Di questa emissione, più precisamente del 25 cent. verde, esiste un raro falso propagandistico di guerra che deride l’Italia, preparato dagli inglesi, nel quale al motto “due popoli una guerra” è stato sostituito quello “due popoli un Fuhrer”, e l‘immagine di un Mussolini esterrefatto di fronte a un Hitler urlante.
Nello stesso anno 1941, un francobollo del tutto simile nell’impostazione e negli intenti, venne emesso in Germania.
Si andò oltre con la serie di dodici francobolli emessi il 14 Agosto del 1942, in pieno conflitto. Infatti l’emissione propagandava proprio… la guerra in atto.

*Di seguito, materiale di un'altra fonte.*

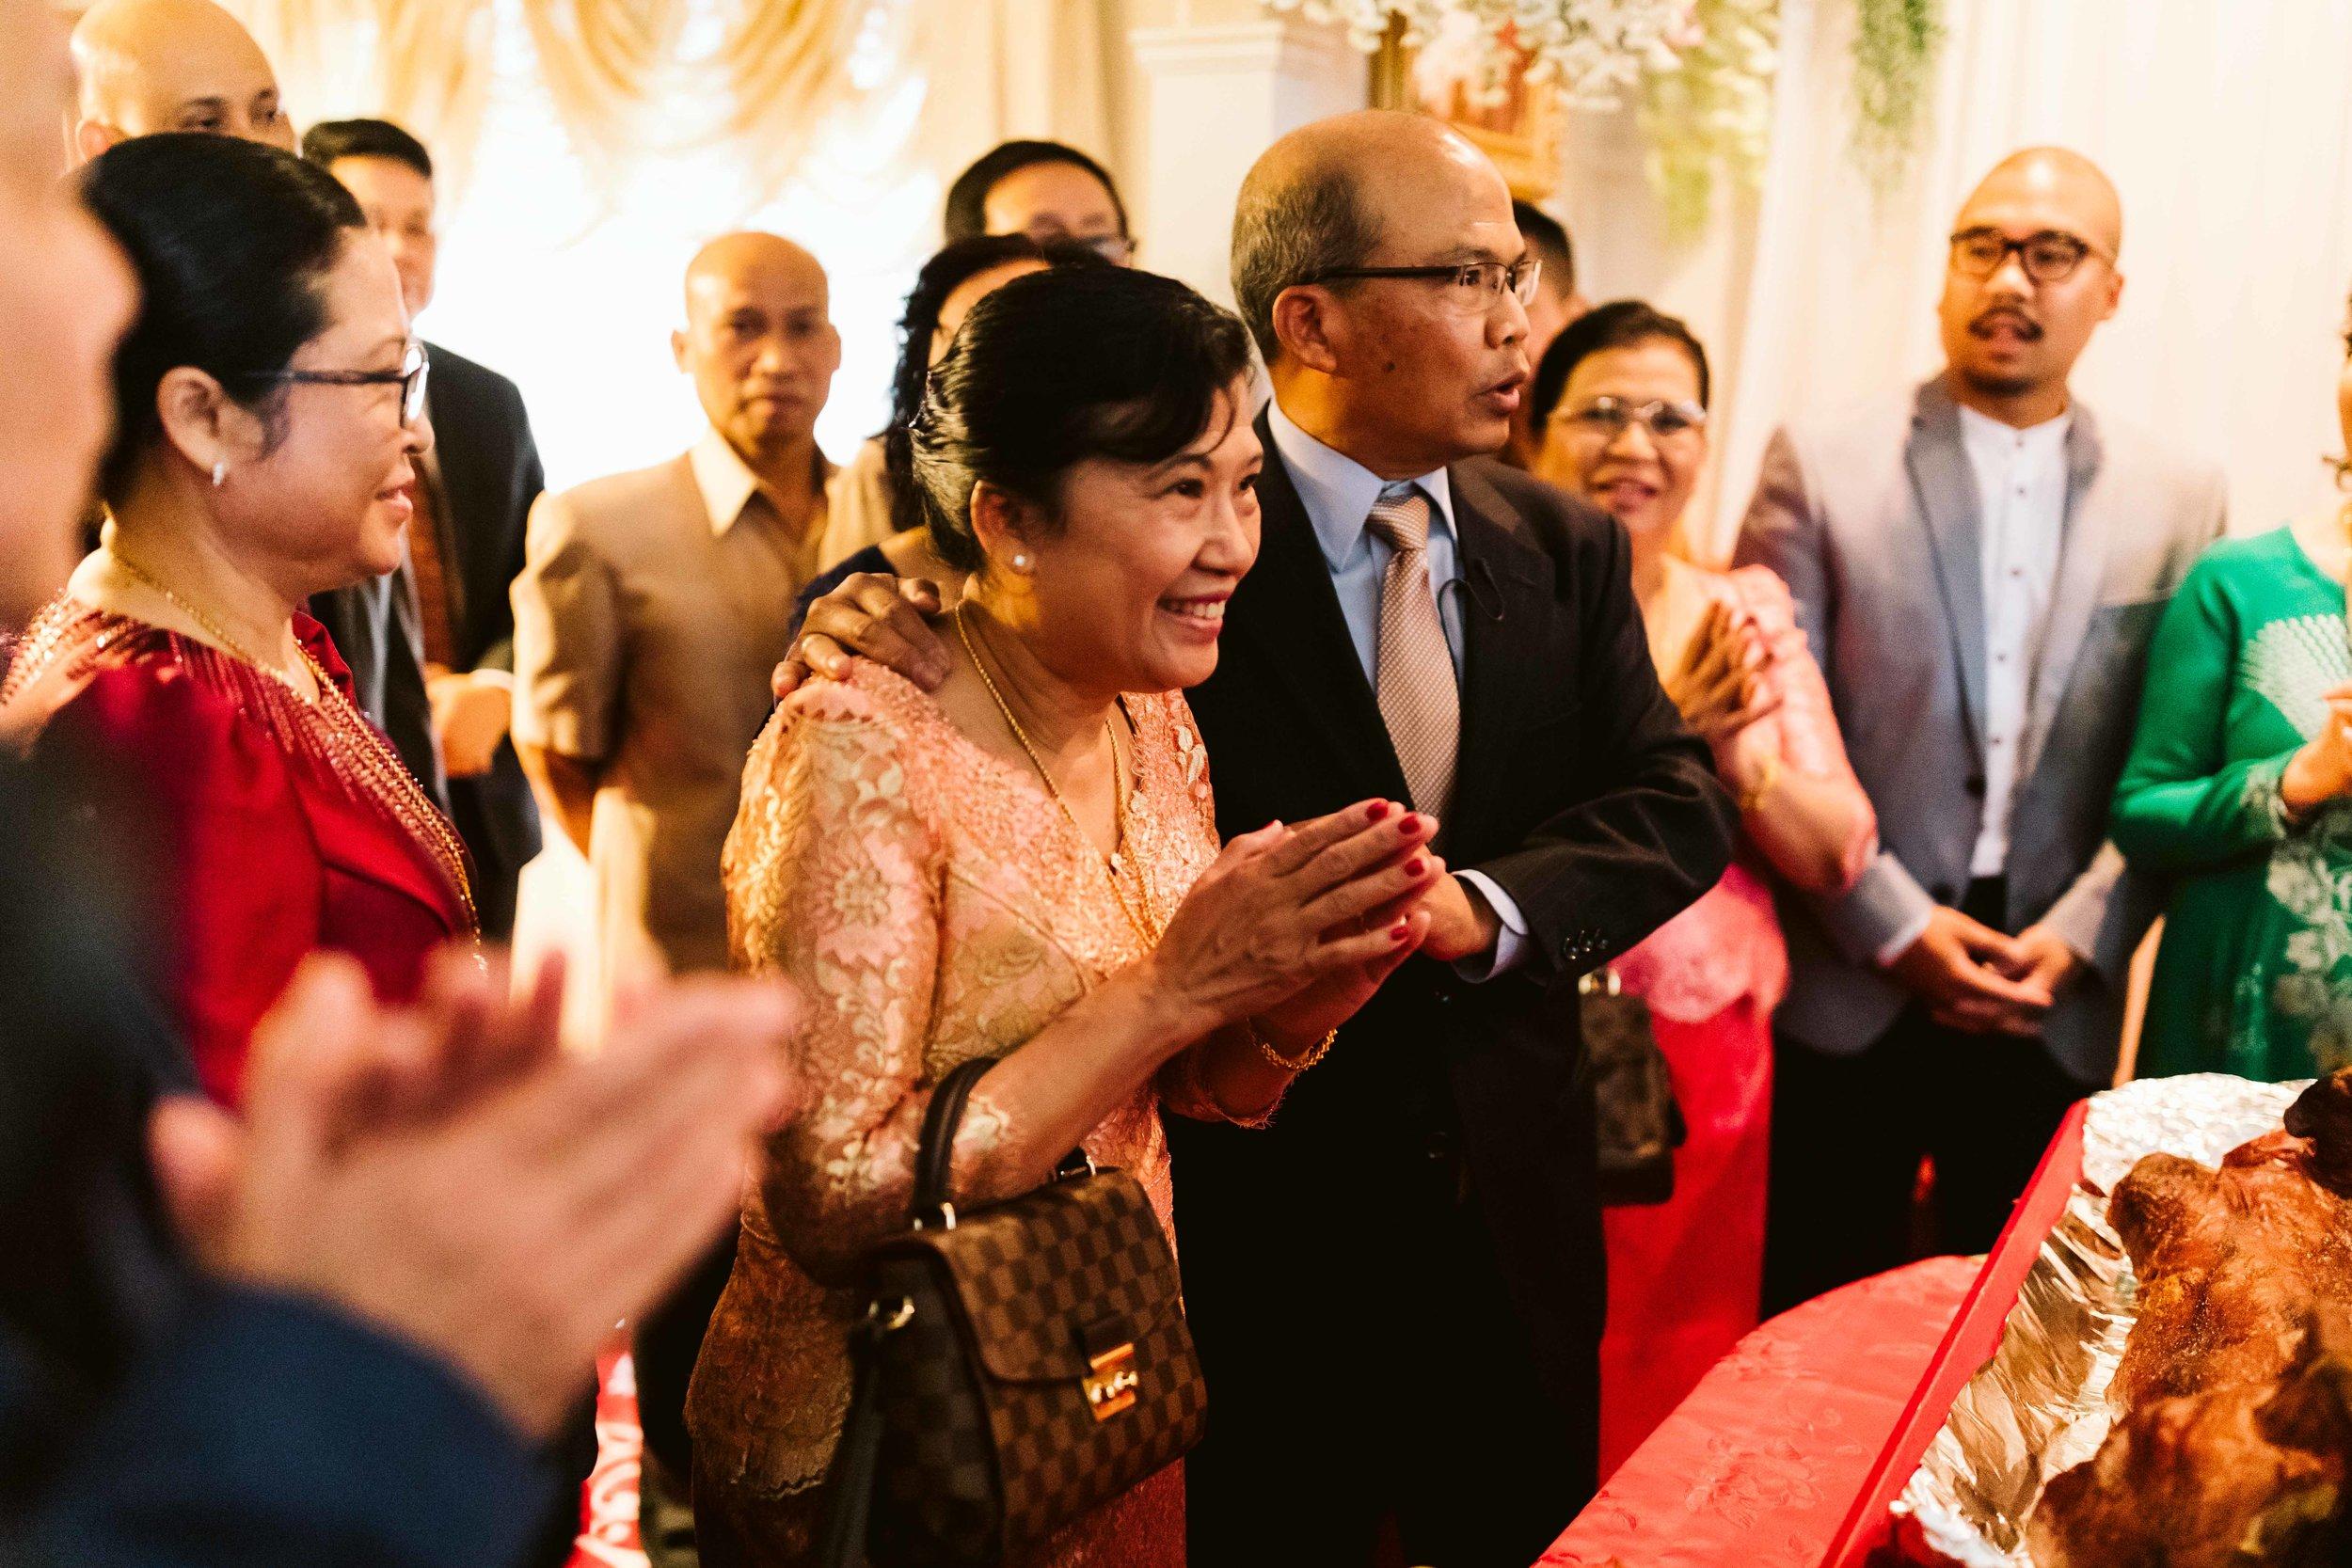 portland-oregon-wedding-19.jpg

Ogni francobollo riporta due immagini: a destra l’effigie del Re (ripresa dalla serie “Imperiale“ del 1929) e a sinistra una scena di guerra. Quattro vignette che si ripetono tre volte, in diverso valore e diverso colore.
Le quattro scene sono dedicate alla Marina, all’Aeronautica, all’Esercito ed alla Milizia.
Ogni francobollo riporta un motto:
“La disciplina è arma di vittoria”
“Armi e cuori devo essere tesi verso la meta”
“Tutto e tutti per la vittoria”
“La vittoria sarà del Tripartito”.
Il Tripartito era il nome dell’alleanza stipulata a Berlino nel 1940 tra Germania, Italia e Giappone.
Questa emissione è altamente significativa dell’importanza del francobollo quale mezzo di comunicazione sociale (di ogni genere), funzione che esso ha mantenuto fino a qualche anno fa: ovvero fino a che non è stato sostanzialmente sostituito dalle più veloci affrancatrici meccaniche, e poi dalla posta in convenzione, dai label e infine da mail e PEC.
Ritroviamo la stessa serie con la soprastampa Repubblica Sociale Italiana, eseguita dopo l’8 Settembre ed il conseguente “spaccamento” del Paese.
La stessa emissione è stata soprastampata con la dicitura G.N.R., Guardia Nazionale Repubblicana, sempre nell’ambito della R.S.I..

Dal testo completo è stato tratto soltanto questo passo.